Нужно приоткрыть дверь коту. При всей его надменности вряд ли ему приятно сидеть в одиночестве на балконе. Оставлю только сетку и не наброшу крючка. Онегин догадается толкнуть сетку башкой, а змея не догадается. Она лишь проскользнет вдоль сетки и удалится. Здешние большие ужи безобидны, но могут напугать сестер. Начнутся крики: "Уж! Уж! Ужас!" Дурацкий уж в ужасе повиснет среди книг, вот тогда и будет с ним хлопот. Надев халат, я вышел на балкон. Луна ушла за кроны больших деревьев. Венера и Марс прилежно дежурили на сводах горизонта. На балконе не было ни Онегина, ни ужей. Там сидел Прозрачный, похожий в этот момент на жабу величиной, пожалуй, с борца сумо. Сидя в кресле, он частью своего тела обхватывал столик. Была ли это жаба? Если и была, то не из тех, что в летнюю пору, словно коровы, трубят в нашем заросшем пруду. От этой жабы не пахло слизью, и пятен болотных не было видно на ней. Она была сверхъестественна, и потому все разговоры о безобразии или небезобразии были неуместны. Все огромное её тело было прозрачно, все, что было внутри, предлагалось для обозрения, однако почти ничего из этого нельзя было назвать. Пожалуй, лишь два предмета внутри Прозрачного можно было хоть как-то назвать - ну, скажем, "глаза", и эти "глаза", то ли в паре, то ли в слиянии, смотрели на меня, не глядя, но переливаясь, перекатываясь, искрясь в своих непостижимых глубинах, что-то как бы говоря, но что - нельзя и понять. Легче всего было бы сказать, что там была жалость-печаль, но это не то, совсем не то. "Садись на меня", вдруг отчетливо пригласил он. Я подошел и сел, и он тут же исчез, как будто никогда меня не облегал, вообще ко мне не имел никакого отношения.
ЧАСТЬ ТРЕТЬЯ
БЛЮЗ 116-ГО МАРШРУТА
рассказ
Всякий раз по приезде в Москву из Америки я нахожу десяток минут для созерцания панорамы центра, что открывается из эркерного окна моего кабинета. Начнем с зенита. В московских небесах вообще-то трудно не заметить некоторой свинцовости, постоянной тенденции к застою, однако время от времени - и в последние годы все чаще - облака приходят в движение, в них возникают неожиданные прорывы и провалы, привносящие в атмосферу лазурные, и золотые, и бутылочно-зеленые нерасшифрованные послания; невзирая ни на что, ежедневная небесная драма продолжает разворачиваться.

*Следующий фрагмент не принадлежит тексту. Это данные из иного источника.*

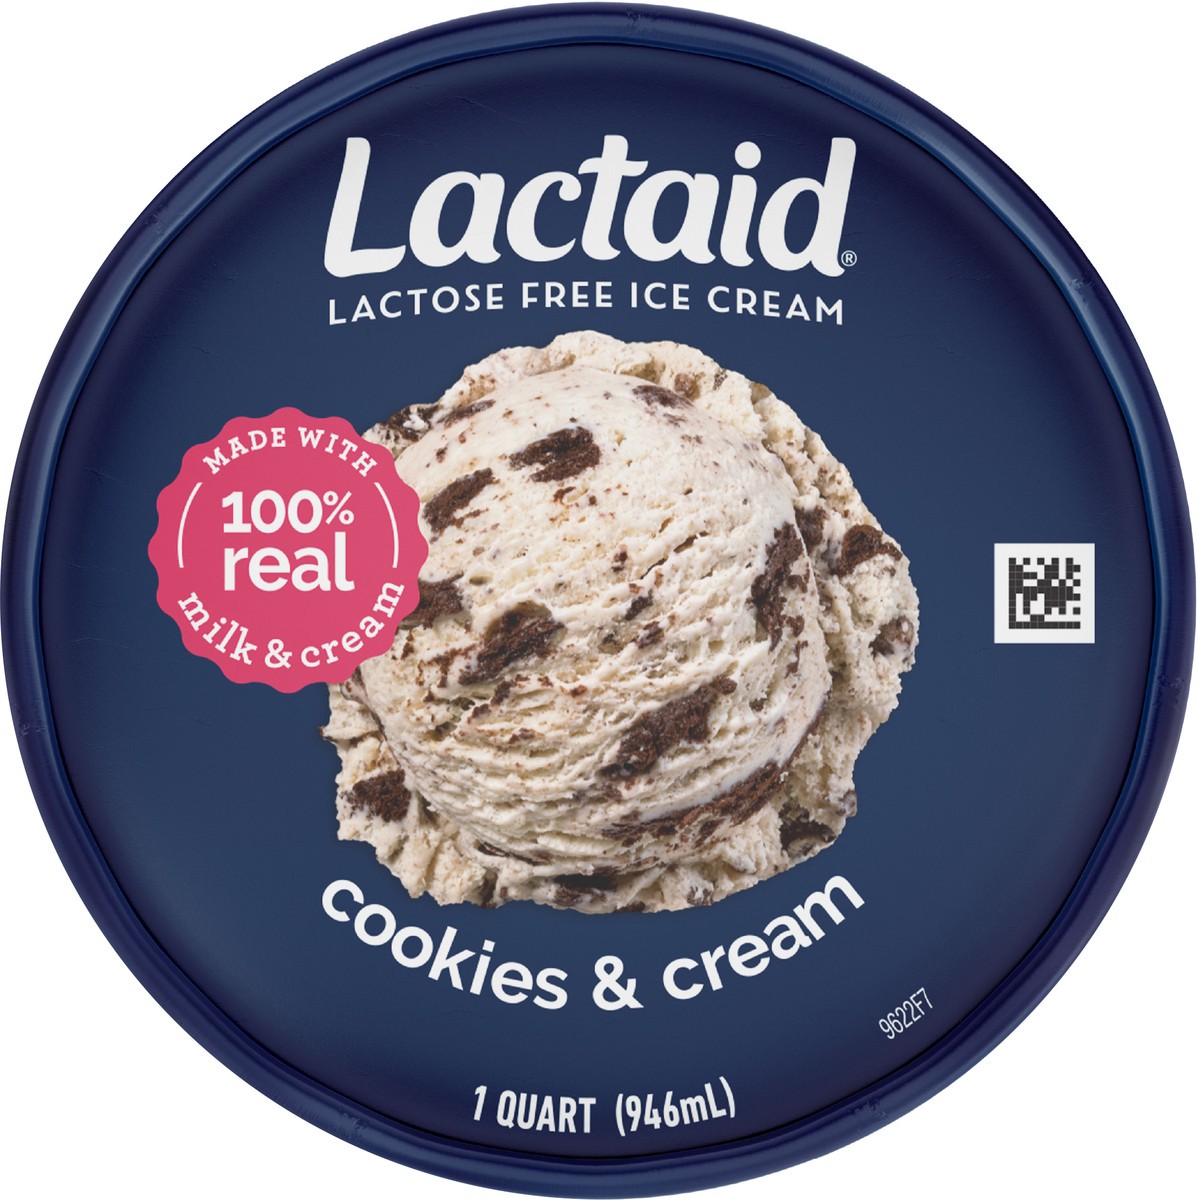 slide 9 of 9, Lactaid Cookies & Cream Ice Cream, 1 Quart,

Кремлевские башни и башенки занимают прочную позицию под движущимися небесами в левом углу моей панорамы. Луковки соборов и колоколен ослепляюще блестят или мутно светятся в зависимости от небесной иллюминации. В центре картины мы видим типичную сумятицу крыш, шпилей, куполов вкупе с уродливыми ящиками цементной архитектуры. Триколор только что народившейся демократии, словно заморский гость, парит над зданием бывшего ЦК КПСС.
В правом углу панорамы, над деревьями Яузского бульвара, ещё один куст церквей поднимается к небесам: Петропавловская церковь, церковь Трех Святителей и другие неизвестные мне по имени. Атеистическое государство использовало их под склады или в лучшем случае под какие-то музеи - теперь они возвращаются в православное ведомство.
Давайте снизимся от куполов к наземному транспорту. Вдоль бульвара побрякивает старинная трамвайная линия, что определенно числит среди своих пассажиров 1910-х годов футуристов Бурлюка и Маяковского, а среди пассажиров 1930-х - бездомных акмеистов Осипа и Надежду Мандельштам. Теперь, в начале 1990-х, на этой линии можно увидеть вагоны, покрашенные желтком и королевской синькой и несущие призывы сигарет "Кэмел". Время от времени там, словно призрак, появляется старомодный трамвай с большими буквами на борту: "Черная магия, Воланд и Компания". Все вместе, литература и западный "агрессивный маркетинг", привносят в пейзаж сюрреалистическую интонацию. После семидесяти пяти лет красного тифа город ещё не обрел равновесия, все ещё покачивается в полусомнамбулическом состоянии.
Теперь вернемся к моему дому, этому гиганту сталинской эры. Широченный перекресток с одиннадцатью светофорами распростерт у его подножия. Регуляторы стараются изо всех сил, но не могут справиться со все нарастающими стадами автомобилей дикого капитализма. Потоки транспорта то и дело создают заторы по всем направлениям. Красные, желтые и зеленые сигналы бессмысленно мигают над этой дьявольщиной; легковушки, фургоны и грузовики источают окись углерода и шоферскую похабель. Городское раздражение достигает десятого этажа. Я закрываю окно и поворачиваюсь спиной к панораме. Теперь моя диспозиция готова, можно начинать повествование.
Разговариваю по телефону с другом юности Игорем Гореликом. Голос у него совсем не изменился за эти годы. Тот же притворно ленивый тон любимца общества. Пролетает дуновение тех сладостных дней. "Игорь-Игорь", - думаю я.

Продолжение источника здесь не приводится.